Regulator seeks to slow stock market plunge with threat to punish those who flout ban as other markets continue to suffer
China’s securities regulator took the drastic step of banning shareholders with stakes of more than 5% from selling shares for the next six months in a bid to halt a plunge in stock prices that is starting to roil global financial markets.
The China Securities Regulatory Commission (CSRC) said on its website late on Wednesday that it would deal severely with any shareholders who violated the rule.
The prohibition is also seen applying to foreign investors who hold stakes in Shanghai- or Shenzhen-listed companies, although most of their holdings are below 5%.

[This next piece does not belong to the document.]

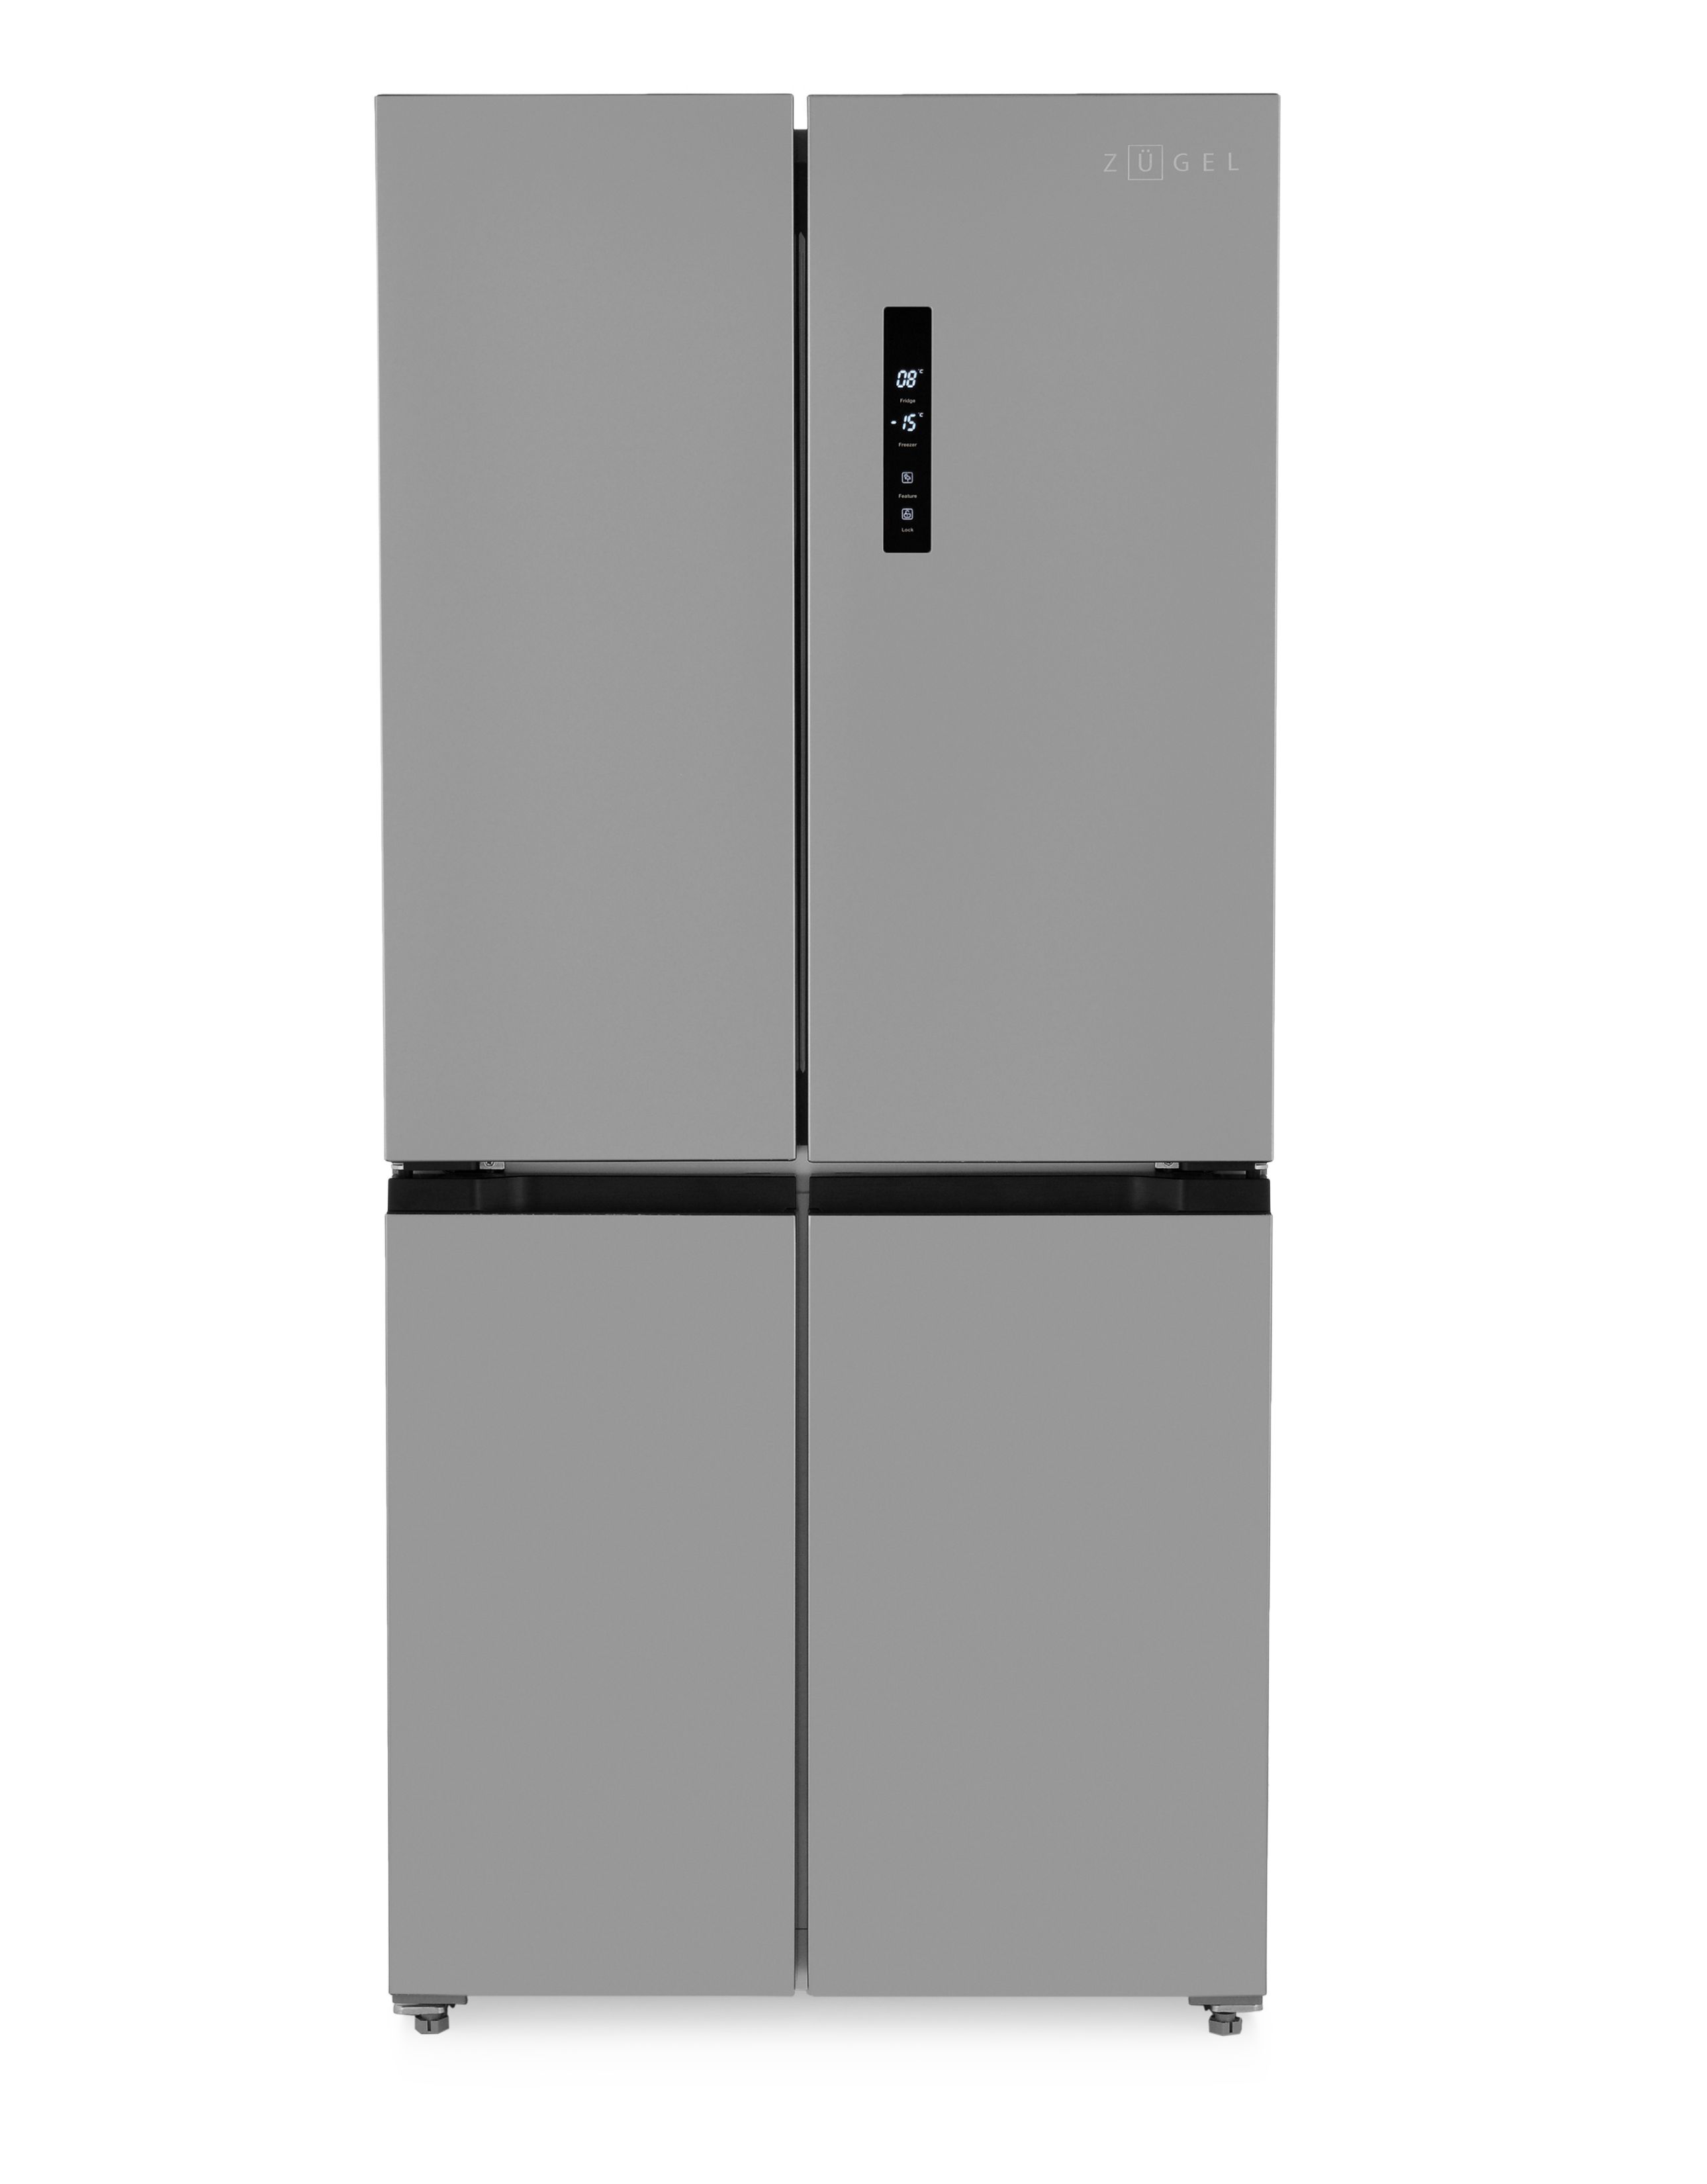 ZUGELХолодильникZRCD430,серыйметаллик
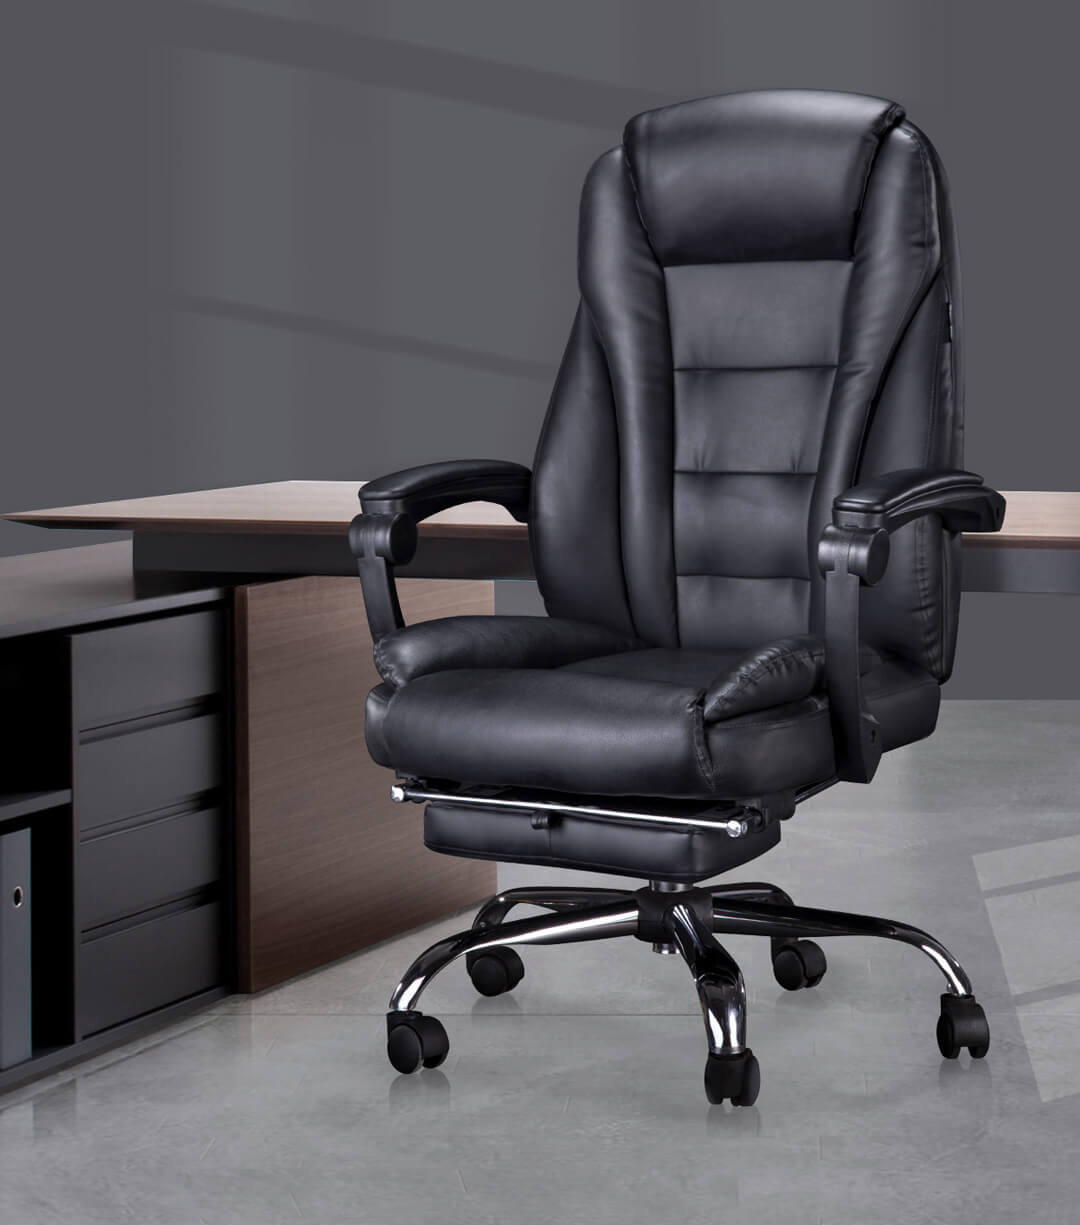 Hbada Office Boss Chair

An IG Markets strategist, Evan Lucas, said: “Iron ore has just logged its worst trading day on record. The steel price in China is now cheaper per tonne than cabbage.”
Separately, major shareholders of top Chinese banks including Industrial and Commercial Bank of China (ICBC) and companies including Sinopec pledged to either maintain their holdings or increase their stakes in the listed companies.
The announcements came after China’s stock market showed signs of seizing up on Wednesday, as companies scrambled to escape the rout by having their shares suspended and the CSRC warned of “panic sentiment” gripping investors.
Despite the turmoil, China’s cabinet has said the country can reach its economic and social development targets this year. A statement from the State Council said: “Positive signs have been increasing in the last two months and structural readjustment has been accelerated.